Davy Byrnes Short Story Award 2014

The Stinging Fly are delighted to announce the return of the Davy Byrnes Short Story Award — Ireland’s biggest short story competition.

Prize fund: €15,000 for the best short story, plus five runner-up prizes of €1,000

Competition Judges: Anne Enright, Yiyun Li and Jon McGregor

—The competition is open to Irish citizens and to writers who are resident or were born in the thirty-two counties.

—Entries must consist of a previously unpublished short story written in English. The maximum word count is 15,000 words, no minimum. Only one story per entrant.

—We will be accepting entries from December 1st 2013. No online entries. Entries must be posted/delivered to Davy Byrnes Short Story Award, c/o Dublin UNESCO City of Literature, Dublin City Libraries, 138-144 Pearse Street, Dublin 2, Ireland.

—The deadline for receipt of entries is Monday, Feb 3rd 2014. There is a €10 entry fee, payable online or by cheque/postal order.

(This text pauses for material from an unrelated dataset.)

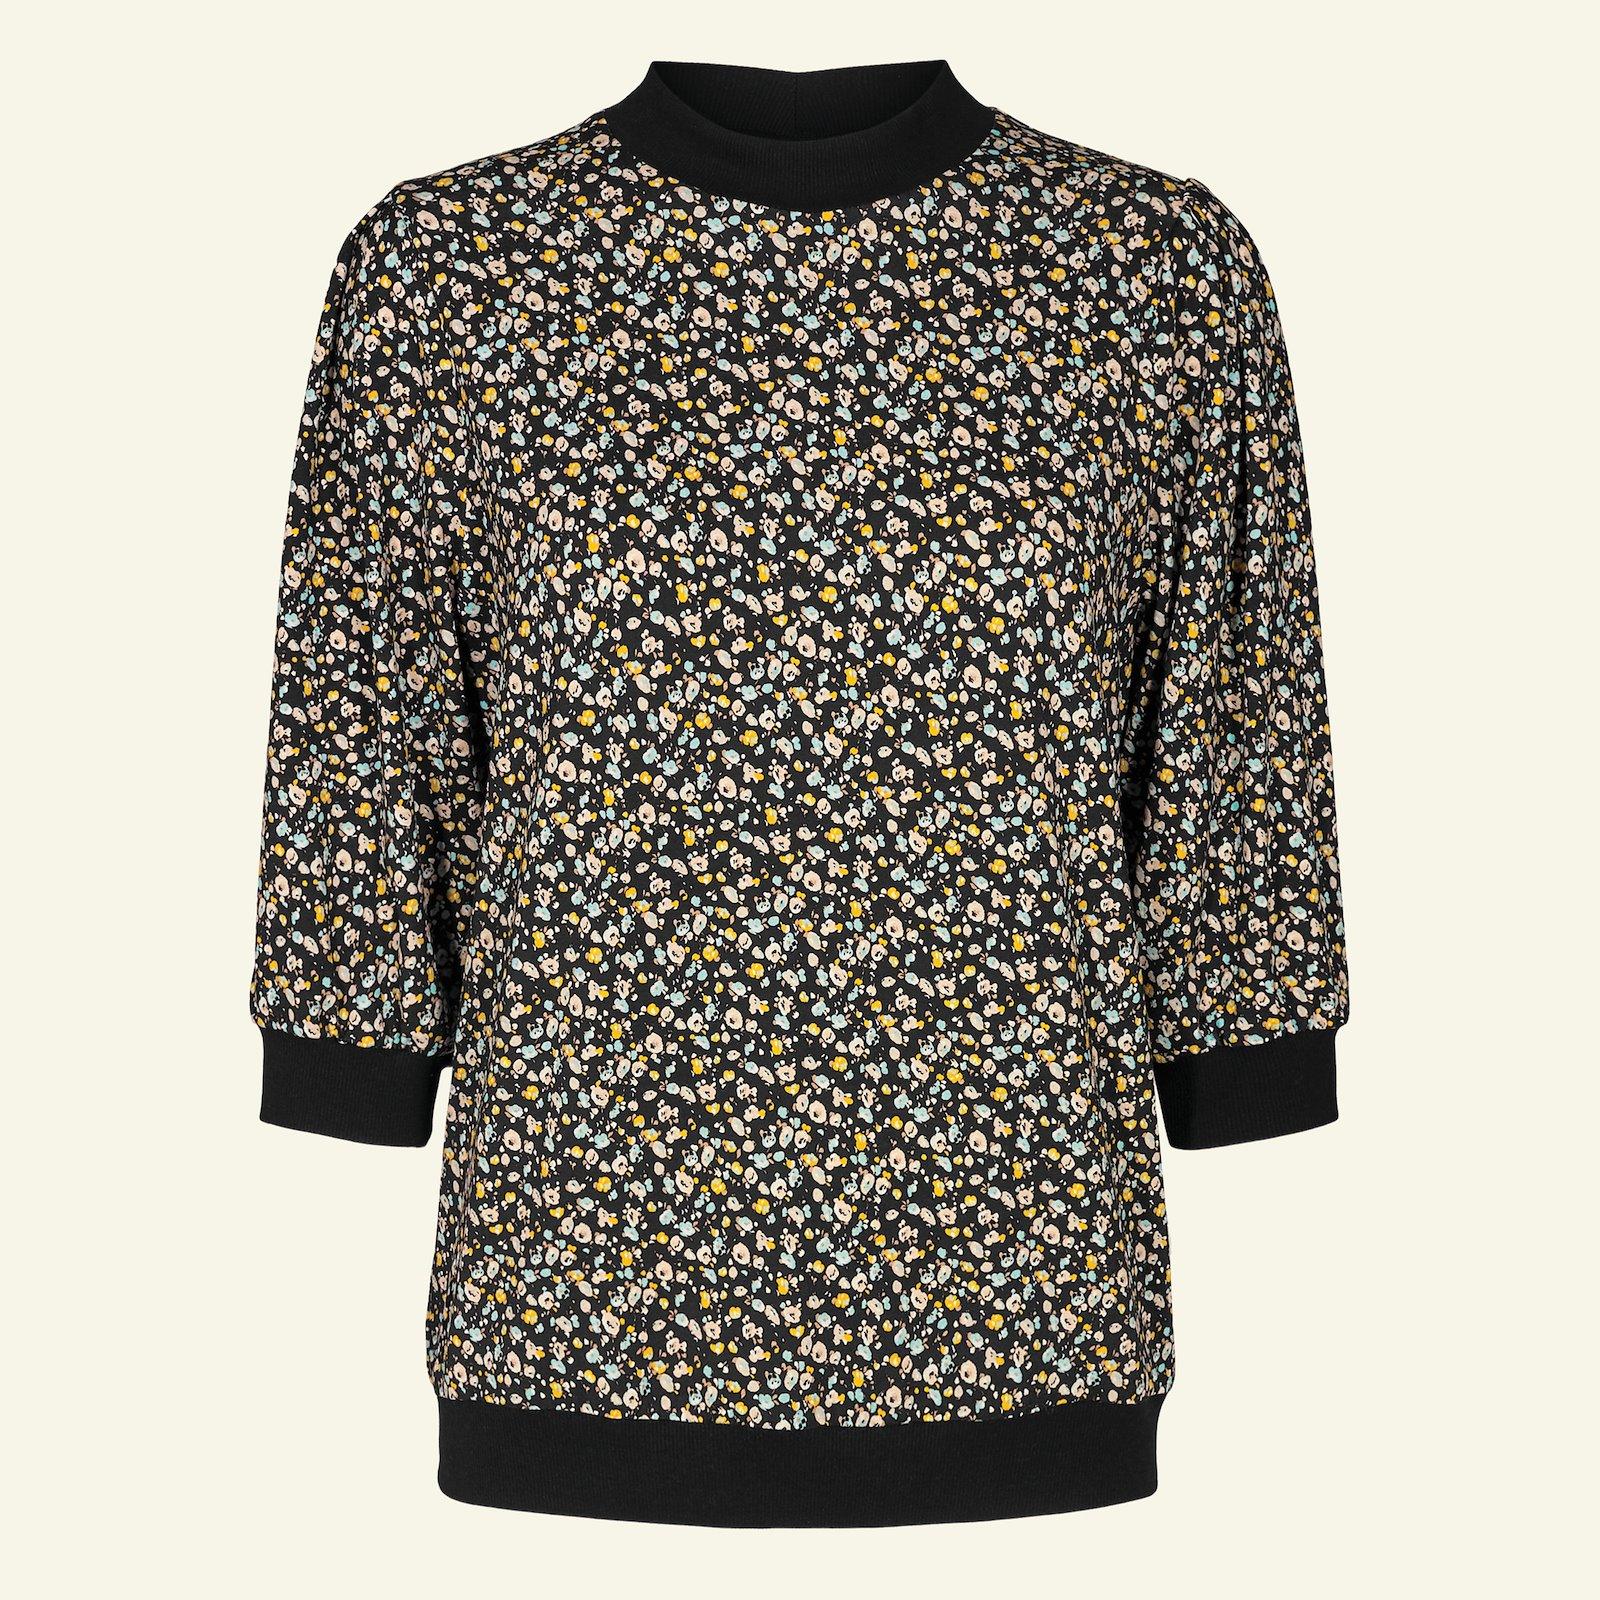 Sweatshirt with puff sleeves, M p22074_272618_272436_sskit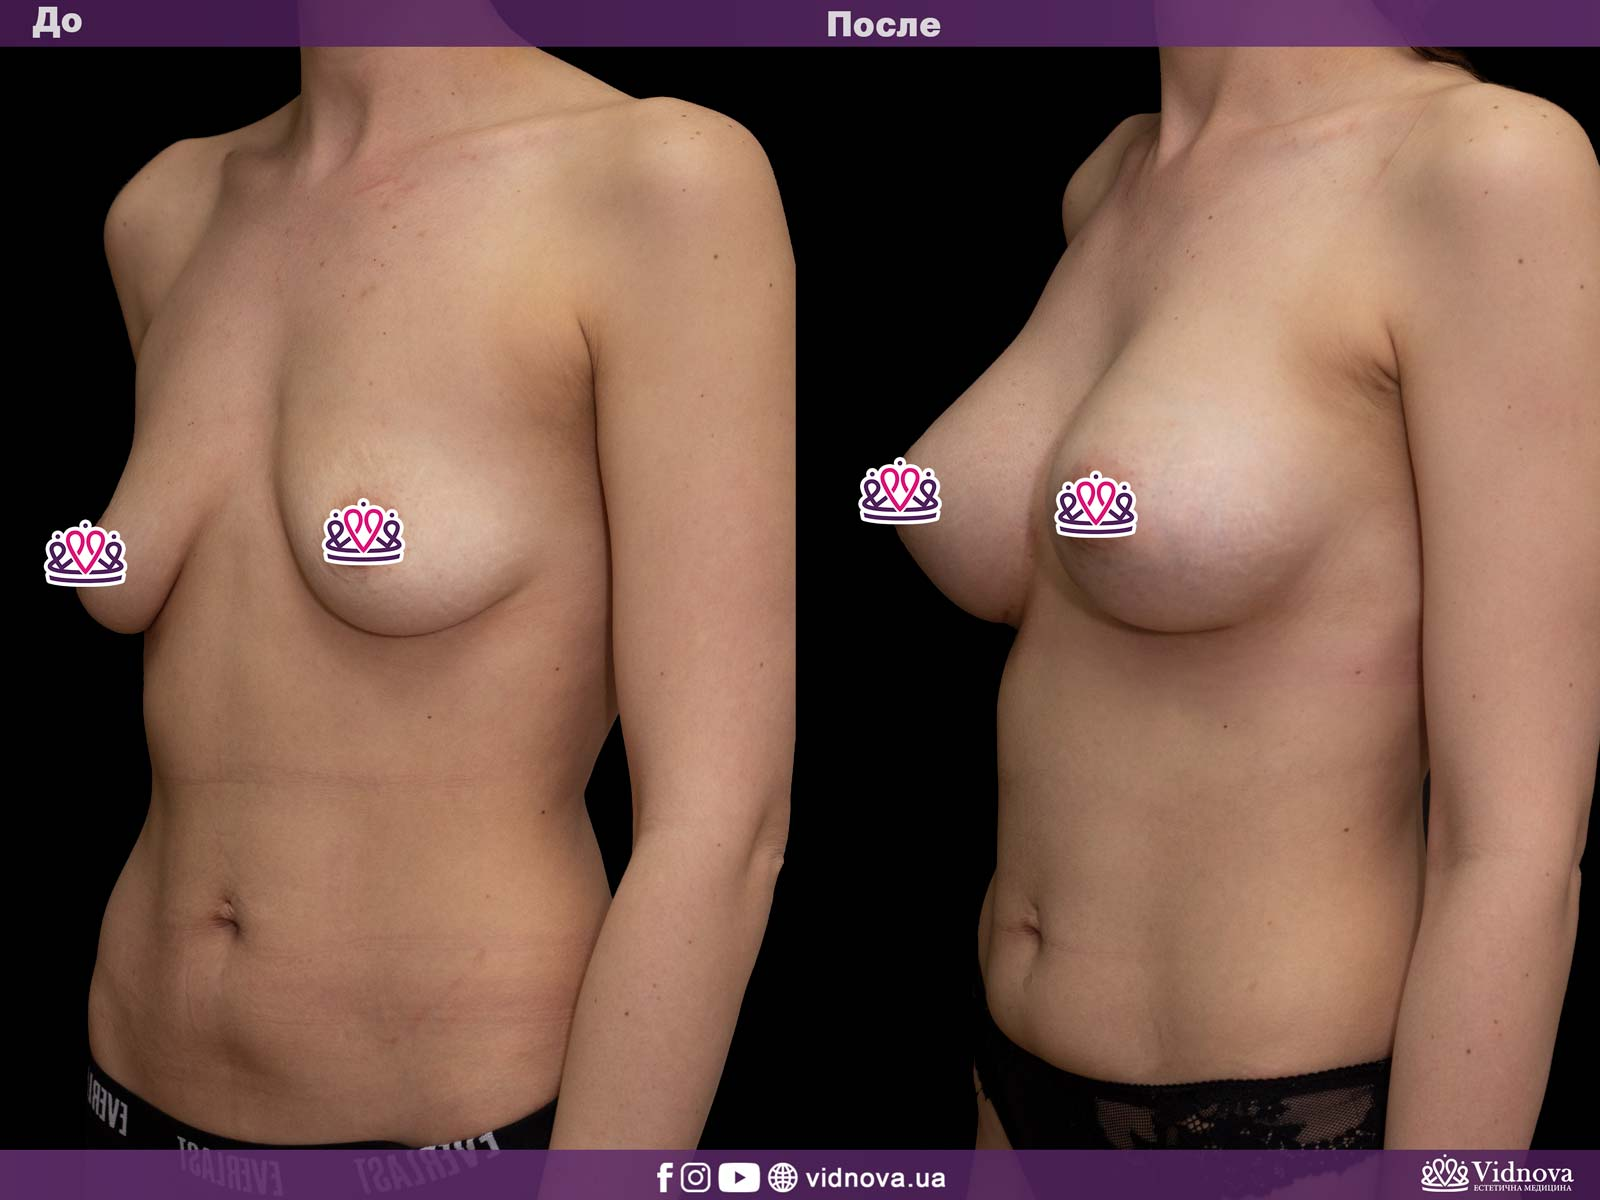 Увеличение груди: Фото ДО и ПОСЛЕ - Пример №18-2 - Клиника Vidnova

—The six short-listed writers will be announced in late May/early June 2014 and the overall winner announced in June 2014.

The competition is sponsored by Davy Byrnes and organised by The Stinging Fly in association with Dublin UNESCO City of Literature

For further information about the award — and to enter your story! — please visit our website.

What the judges say:

The Davy Byrnes Award is given to a story that has the writer’s name removed, the judges of the prize have been more international than local and the prize money is substantial. These three things meant the world to me when I won in 2004, a time when I felt washed up on the shores of the Irish boom. The short story yields truth more easily than any other form, and these truths abide in changing times. As a writer turned judge, I am looking for a story that could not have been written any other way; that is as good as it wants to be; that is the just the right size for itself.

—Anne Enright

I am a staunch advocate for short stories, and respect any organisation/effort that supports stories and story writers. I am thrilled to be serving as a judge for the Davy Byrnes Award. As for what I look for in a short story, to borrow from Tolstoy: ‘Happy families are all alike; every unhappy family is unhappy in its own way.’ There are stories written like happy families, which one reads and forgets the moment one puts them down. But the stories that belong to the category of unhappy families, they can do all kinds of things: they touch a reader, or leave a wound that never heals; they challenge a reader’s view, or even infuriate a reader; they lead to a desire in the reader’s heart to be more eloquent in his ways of responding to the story yet leave the reader more speechless than before. A good story is like someone one does not want to miss in life.

—Yiyun Li

I’m both thrilled and slightly daunted to be taking part in judging the Davy Byrnes Award this year. Thrilled, because it’s a prize with an astounding track record of unearthing great talent and excellent stories; the previous judges have clearly had a very sharp reading eye. Daunted, for pretty much the same reasons. There’s a lot to live up to.

What I look for in a short story is a kind of intensity of purpose and a clarity of expression; something which holds my attention and rings clearly in my reading mind. For me, this is mostly something in the voice on the page; something in the control of the syntax, which immediately puts me in the world of that story. If it’s there, it usually kicks in within the first few lines; after that, it’s just a matter of seeing whether the writer can really keep it up.